Die Therapiesitzung mit dem Smartphone aufnehmen, Übungen und Rollenspiele mit dem Camcorder mitschneiden, das Tablet oder iPad zur Visualisierung von Therapiefortschritten – der Psychologische Psychotherapeut Johannes Vennen greift in seiner „Schwerpunktpraxis für Männer und Väter“ in Kiel die Technikbegeisterung vieler Männer auf. Er arbeitet seit Jahren erfolgreich mit männerspezifischen Angeboten, bietet beispielsweise Therapiegruppen nur für Männer oder Sprechzeiten zu „männergerechten Zeiten“ abends und am Wochenende an.
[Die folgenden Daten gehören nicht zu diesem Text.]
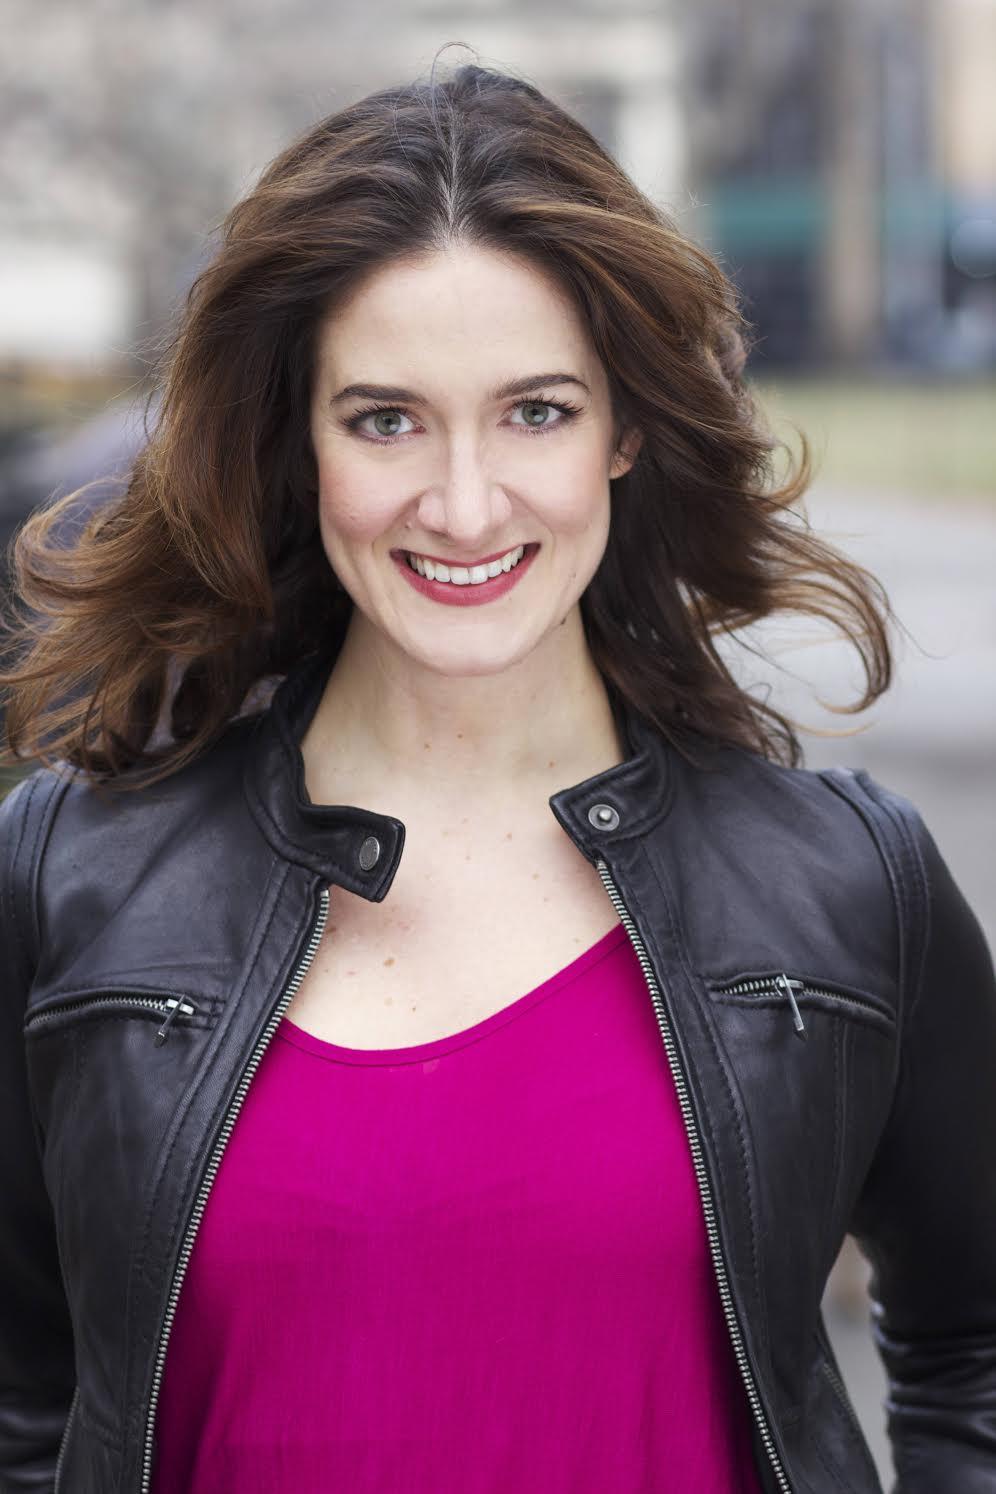 Jennifer Swiderski

Der Verhaltenstherapeut nutzt bei seinen Geschlechtsgenossen andere Therapieformen, mehr Übungen, Rollenspiele, Präsentationen, Konfrontation oder Provokation. „Seit Jahrhunderten sind Frauen und Männer unterschiedlich sozialisiert, wieso sollte gerade in der Psychotherapie ein unisexueller Ansatz funktionieren?“, fragte Vennen bei dem Symposium „Mann kriegt die Krise – Männer und Psychotherapie, geht das zusammen?“, das die Deutsche Psychotherapeuten-Vereinigung (DPtV) am 6. Juni in Berlin veranstaltete.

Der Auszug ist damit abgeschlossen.